El nuevo Alejandro González Iñárritu ha hecho ya tres películas que apenas se parecen entre sí, pero que han mantenido una obstinada distancia de complot contra las tres anteriores, que dirigió a partir de guiones de Guillermo Arriaga, uno de los grandes escritores cinematográficos de nuestro tiempo.

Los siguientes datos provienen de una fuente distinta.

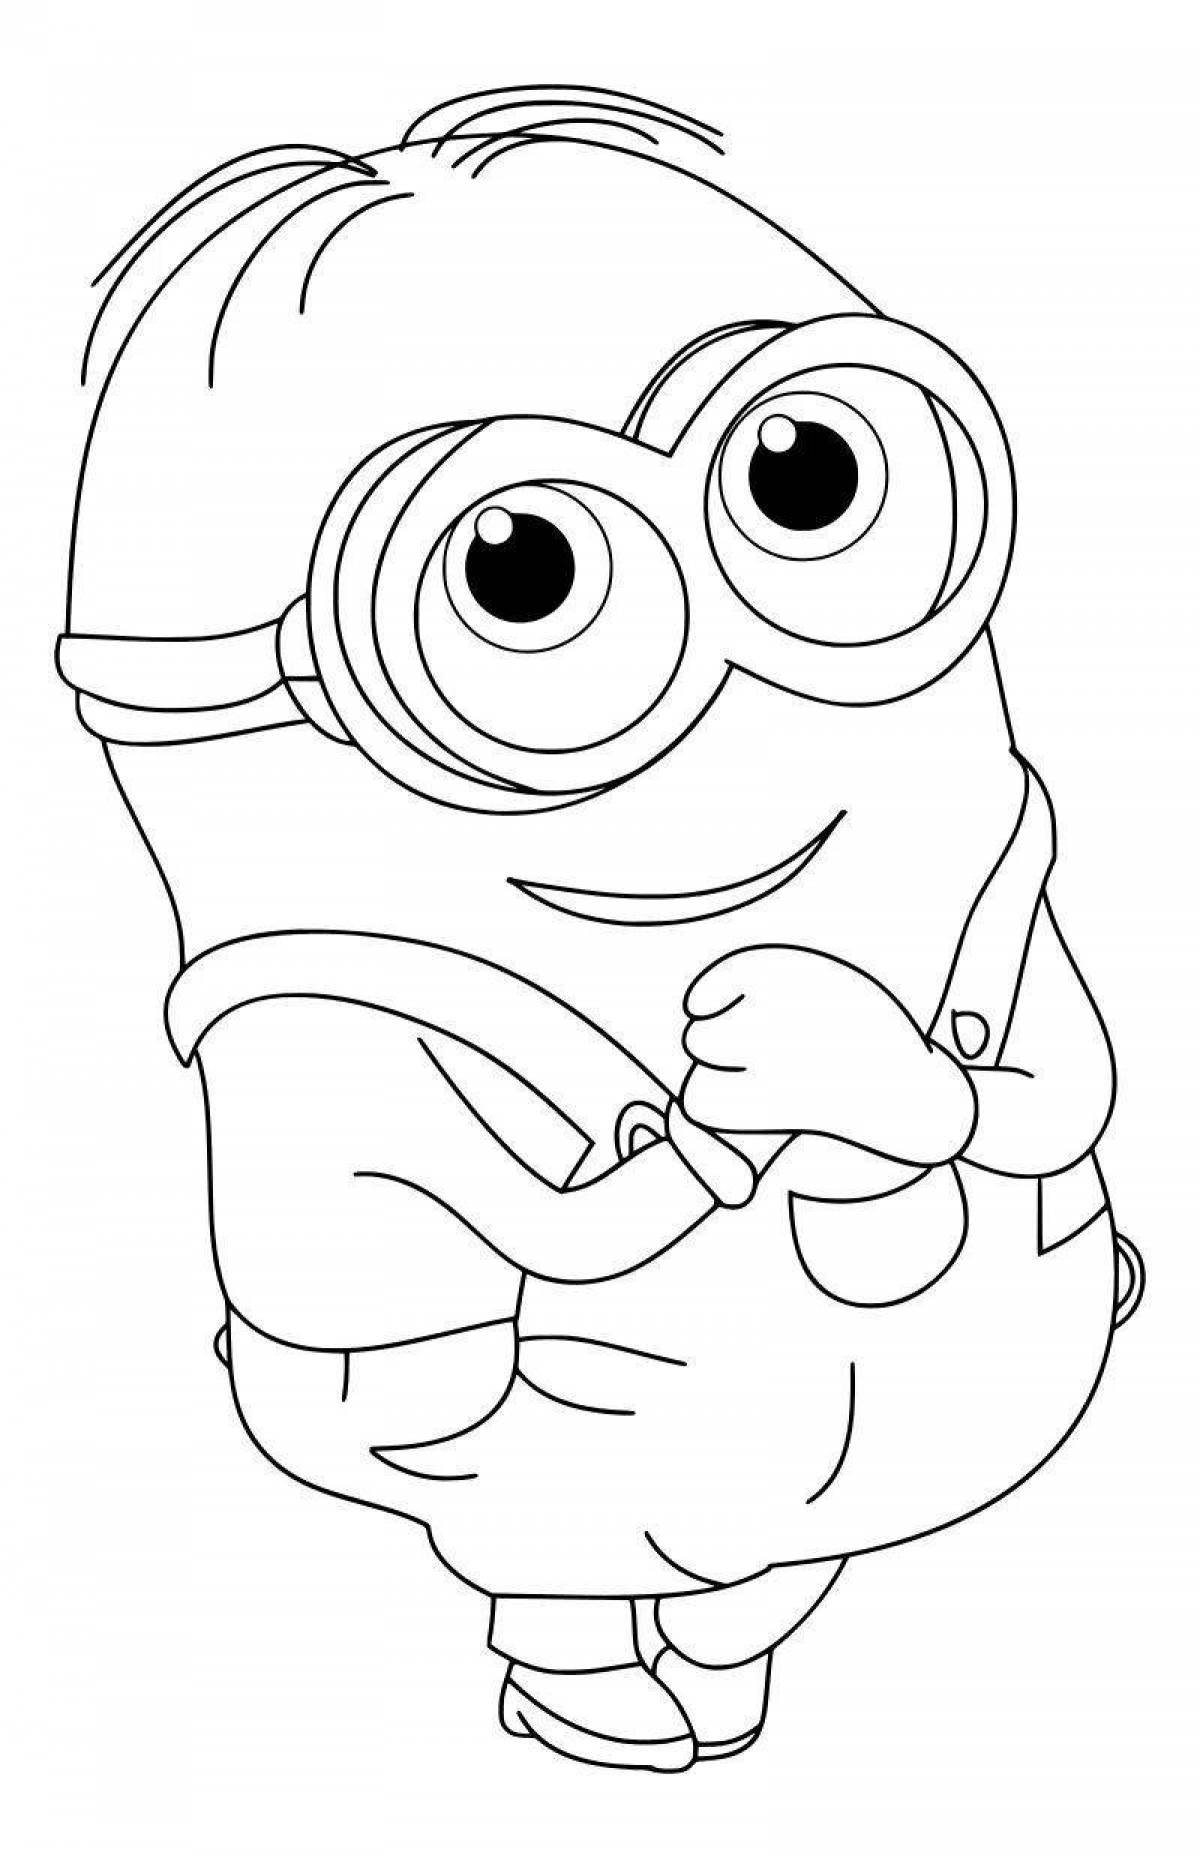 Amazing minion coloring book for kids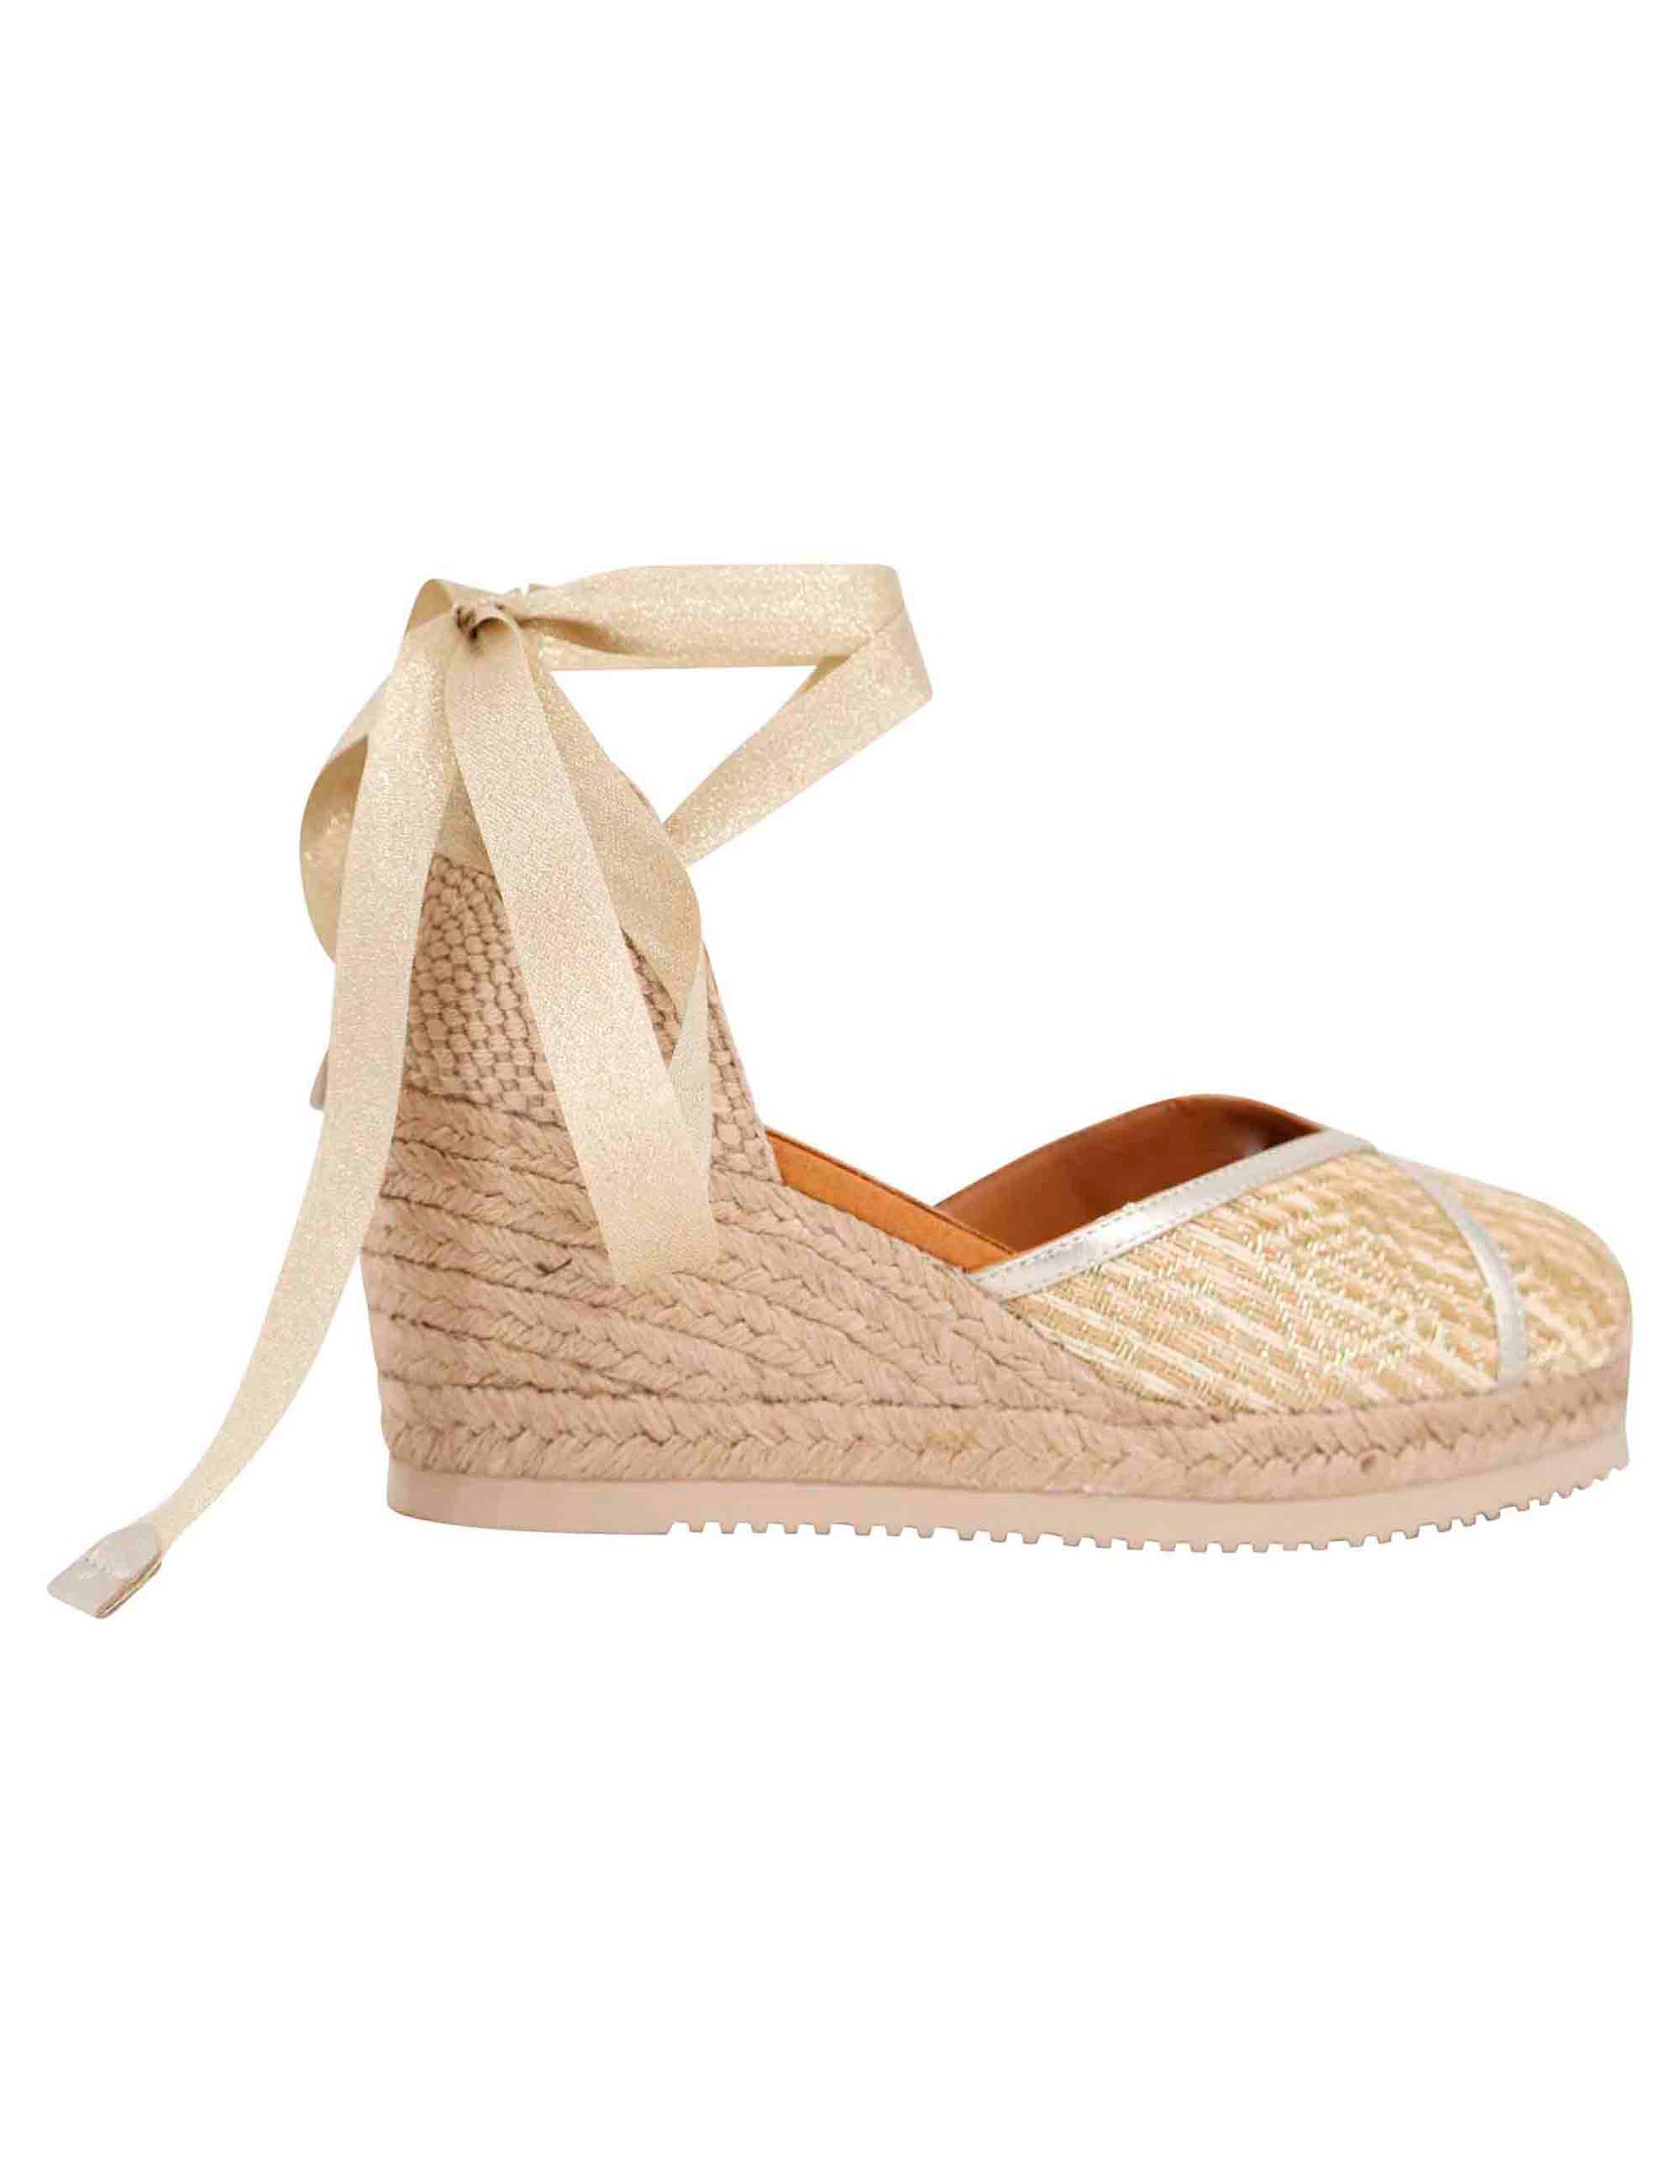 Women's espadrille sandals in gold and platinum fabric with rope wedge

A Iñárritu ya no le gustan las historias interconectadas, ni la variedad de focos narrativos, ni la distribución de la carga de sus relatos sobre distintos personajes. No le gustan desde hace diez años, desde Babel. Tanto es así, que sus nuevas historias son cronológicas, se centran en un único personaje (que se apoya en los demás pero que de alguna manera los excluye), y sobre todo las dos últimas —fotografiadas por Emmanuel Lubezki—, reniegan del corte, buscando la perfección de la narración fluida, continua y progresiva hasta la saciedad. Lo que antes fue Arriaga para el cine de Iñárritu, ahora lo es el Chivo Lubezki. Iñárritu ha cambiado la escritura por la foto.
Luego de ese clamoroso plano secuencia con unos pocos cortes encubiertos que fue Birdman, una película que es puro vértigo y que lo deja a uno sin aire con tanto prodigio, el dúo Iñárritu-Lubezki regresa un año después con un relato con menos excesos visuales, pero que vuelve a sostenerse sobre una fotografía absorbente, fluida y preciosista.
El renacido (The Revenant) cuenta la historia de Hugh Glass, el legendario cazador y explorador estadounidense que vivió entre finales del siglo XVIII y principios del XIX. Entre otras hazañas, Glass logró sobrevivir en 1823 al ataque de una osa Grizzly, y a continuación, a una travesía de más de 300 kilómetros de nieve hasta el sitio habitado más cercano.
Aunque no se sabe exactamente cuál era la talla moral de este hombre (es posible que haya asesinado a unos cuantos indios, traicionado por dinero a unos cuantos amigos, vendido a sobreprecio unas cuantas pieles de animales), lo cierto es que Hugh Glass vive acomodado en la memoria de los estadounidenses como esos héroes del pasado cuyas hazañas nos siguen impresionando sin que sepamos bien ni quiénes fueron.
Sobre su historia han especulado muchos escritores y hasta algún que otro cineasta (apareció una película sobre él en 1971), y cada uno de ellos la ha contado a su manera. Iñárritu hizo lo mismo. Por eso no me queda claro que sea el personaje el interesante, sino el valor simbólico de su peripecia. No solo la batalla con la osa y la travesía por la nieve, sino el sentido de la venganza contra uno de sus compañeros, no por haberlo abandonado, sino por otro motivo mucho más importante que no hay que revelar para no echarle a perder la curiosidad a nadie.
Por eso parece tan extraño que la película, que está basada en la novela de Michael Punke, The Revenant: A Novel of Revenge, haya suprimido la segunda parte del título del libro, cuando en realidad ese predicado es el que le da sentido y coherencia a toda la trama.
Hay personas que no solo son capaces de morir con tal de satisfacer su necesidad de venganza, sino incluso son capaces de sobrevivir, de evitar una muerte segura. Descubrir hasta qué punto la venganza puede funcionar como móvil vital, hasta qué punto puede convertirse en la última expresión del instinto de conservación de un ser humano, es el verdadero objetivo de esta película.
Es cierto que su fotografía es extraordinaria, como lo fue en Birdman. La foto, el uso de la luz, el sonido, la música o la mirada del personaje (Leonardo DiCaprio es mucho mejor actor de lo que nos había hecho pensar) tienen una fuerza expresiva tan impactante y reveladora que, a pesar de no ser otra cosa que aparataje y artificio cinematográfico, llegan a insertarse en el espectador como puras sensaciones, no secuestrando su atención, como hace el cine de acción, sino transformando su sensibilidad.
Y es que todo eso no sería más que cascarón estético si no hubiera sido capaz de enseñarnos, aunque creamos saberlo, lo terribles e inhumanas que pueden ser cosas tan comunes y a la vez tan extrañas como el miedo, el dolor, el frío o la soledad.